• TASK TO CARRY OUT: Copy all the lines of the listing below exactly. Skip the images.

• RAW DATA:
☆ ☆ ☆ ☆ ☆ ☆ ☆
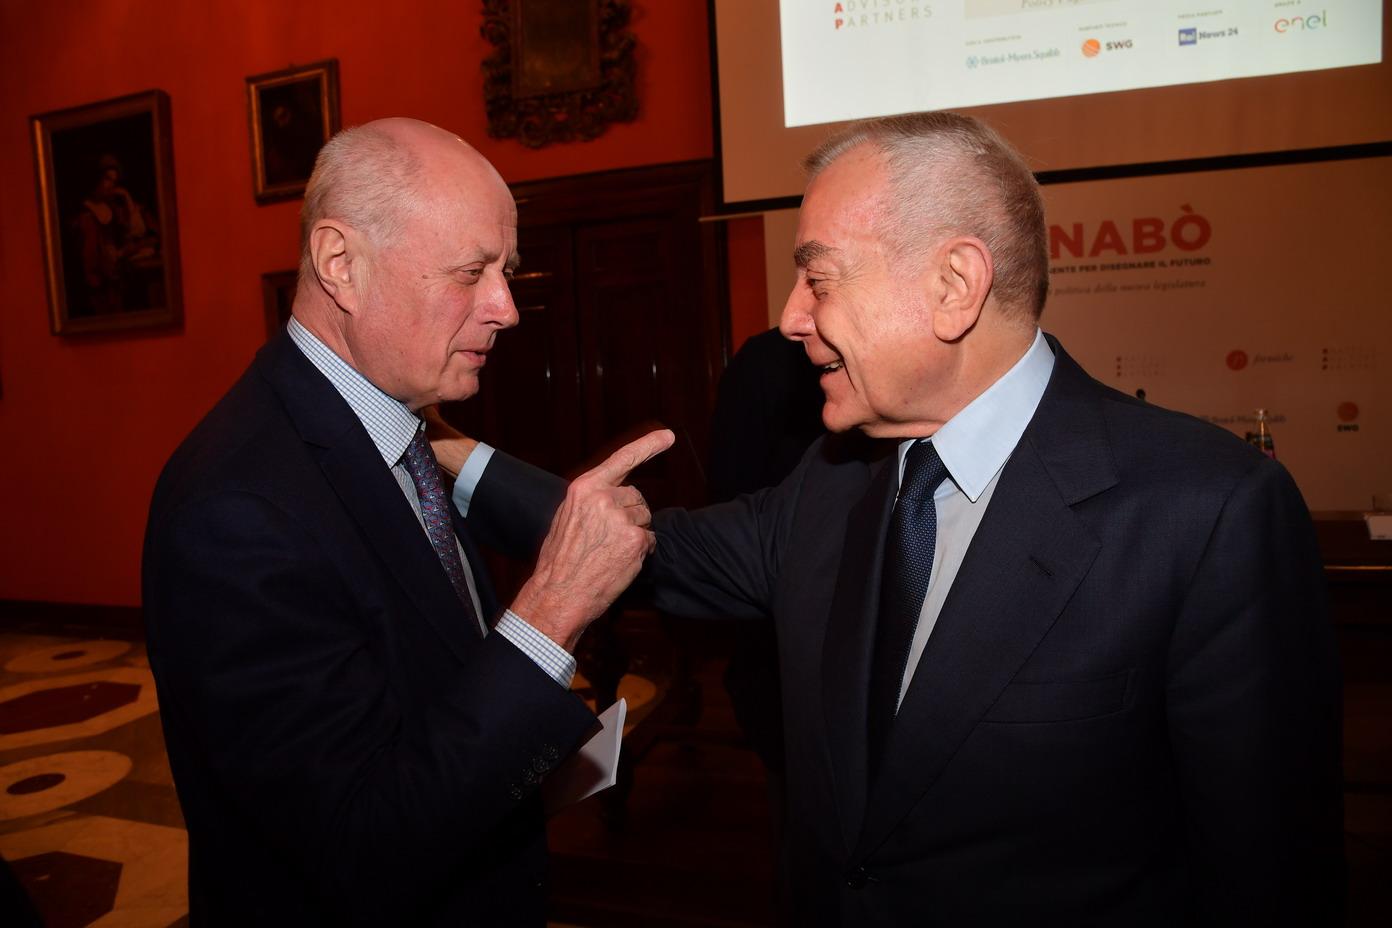 Bruno Tabacci e Gianni Letta
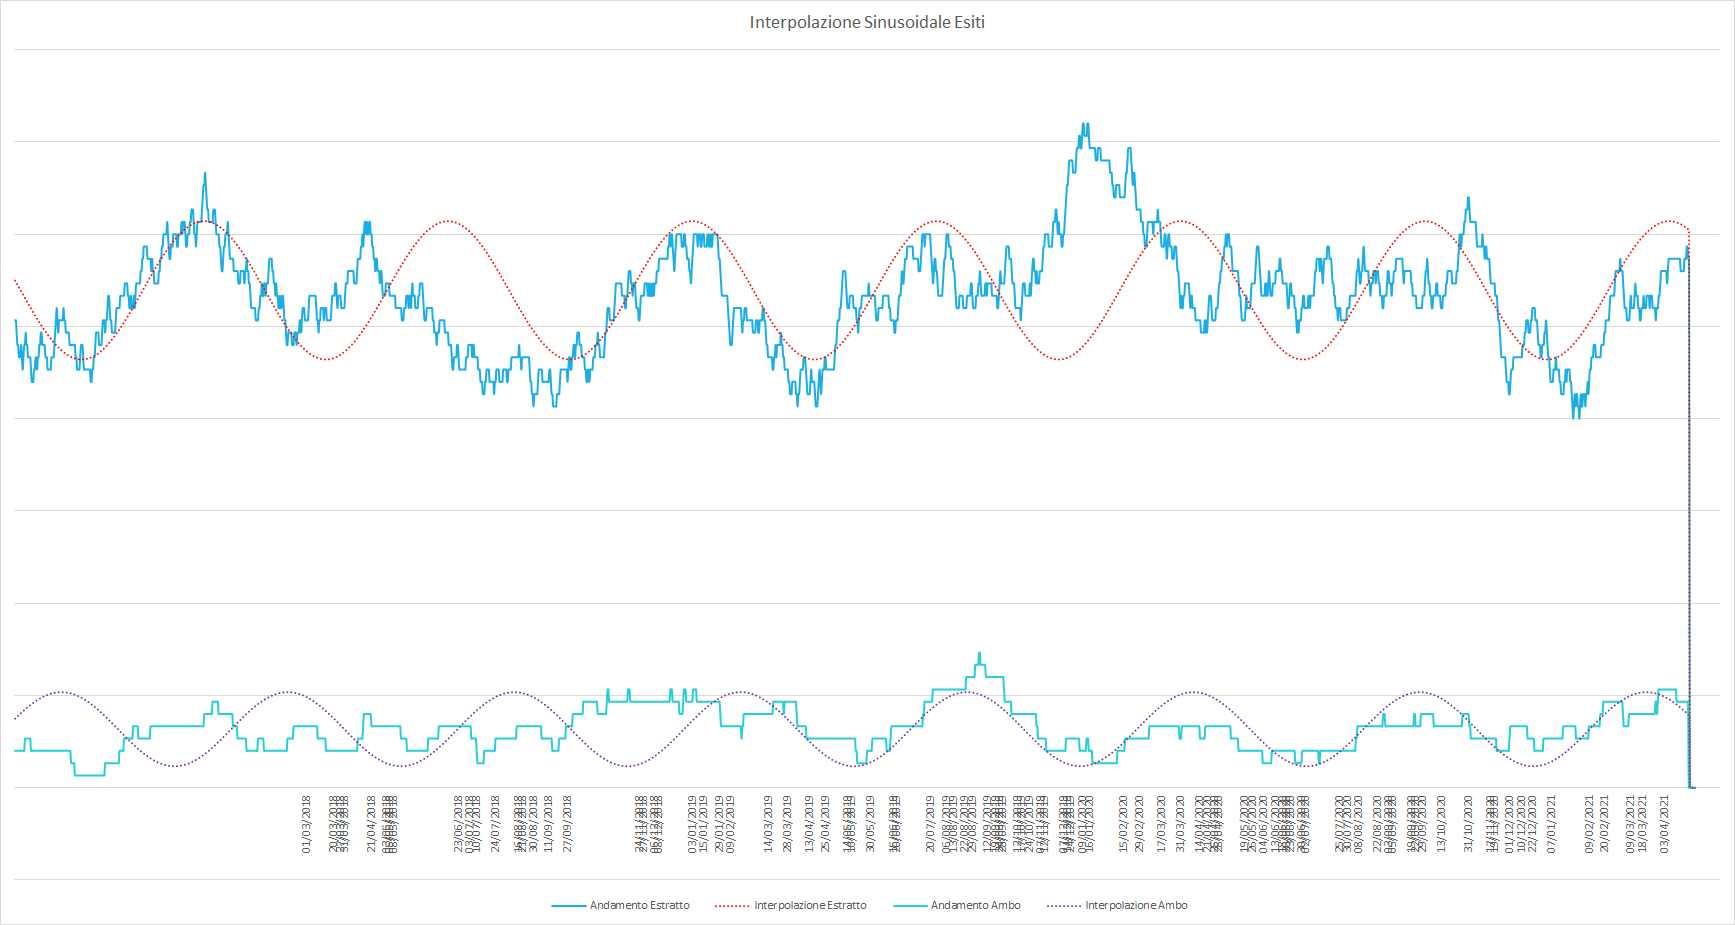 Ipotetico andamento sinusoidale interpolante per le medie dell'estratto e dell'ambo - Aggiornato all'estrazione precedente il 24 Aprile 2021
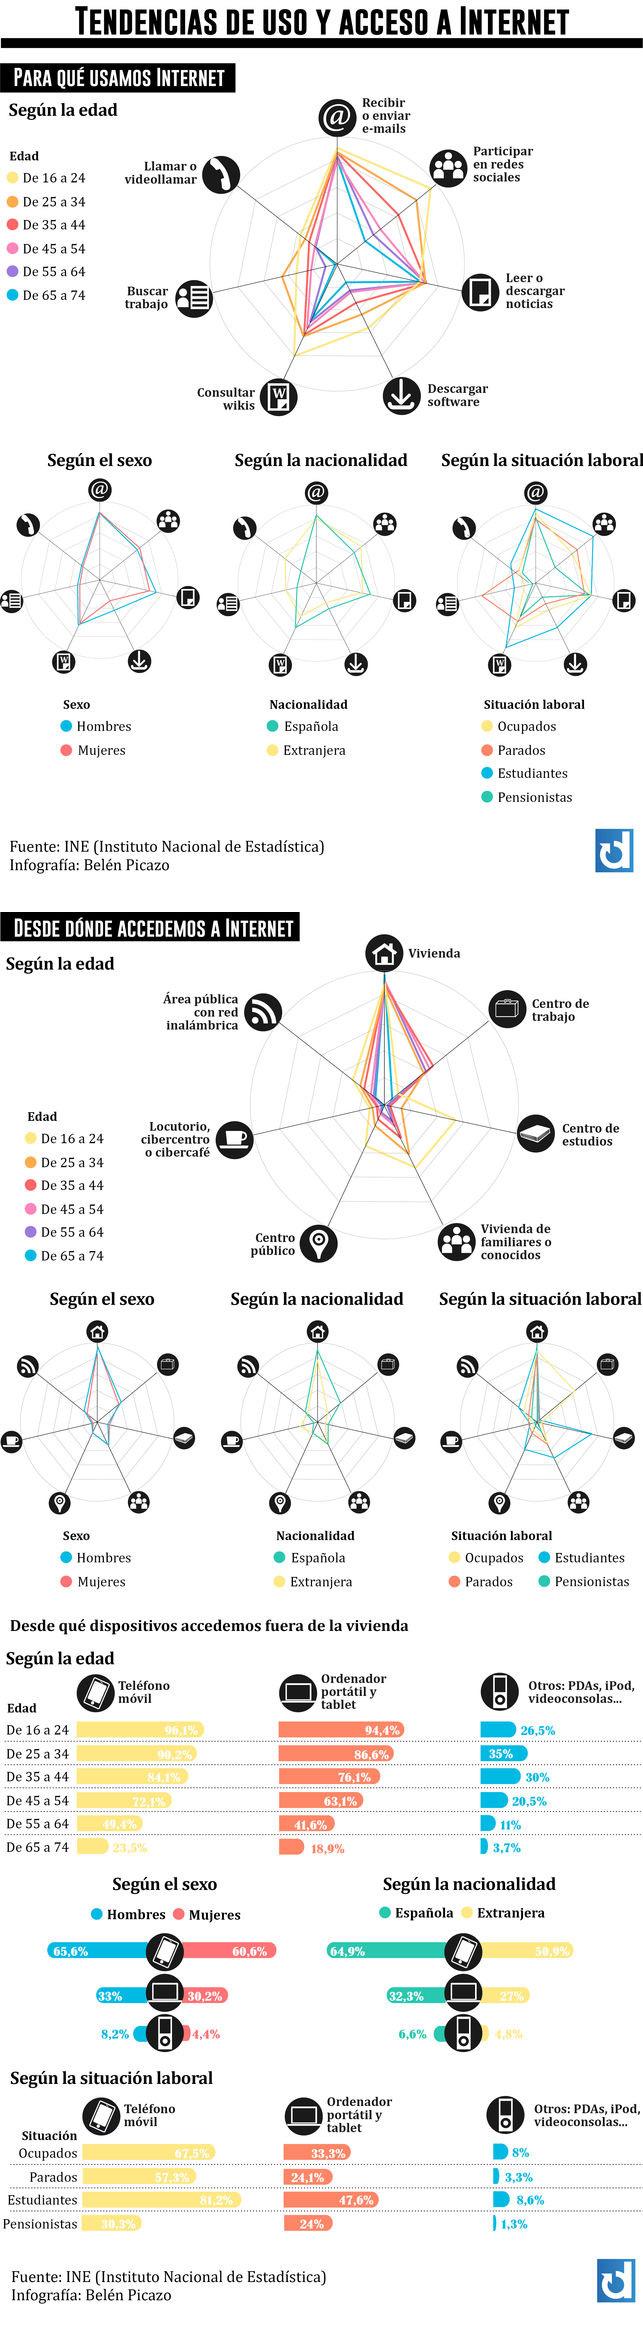 infografia-acceso-internet-espana-blog-hostalia-hosting
☆ ☆ ☆ ☆ ☆ ☆ ☆
• RESPONSE TO THE TASK:
 Bruno Tabacci e Gianni Letta
 Ipotetico andamento sinusoidale interpolante per le medie dell'estratto e dell'ambo - Aggiornato all'estrazione precedente il 24 Aprile 2021
 infografia-acceso-internet-espana-blog-hostalia-hosting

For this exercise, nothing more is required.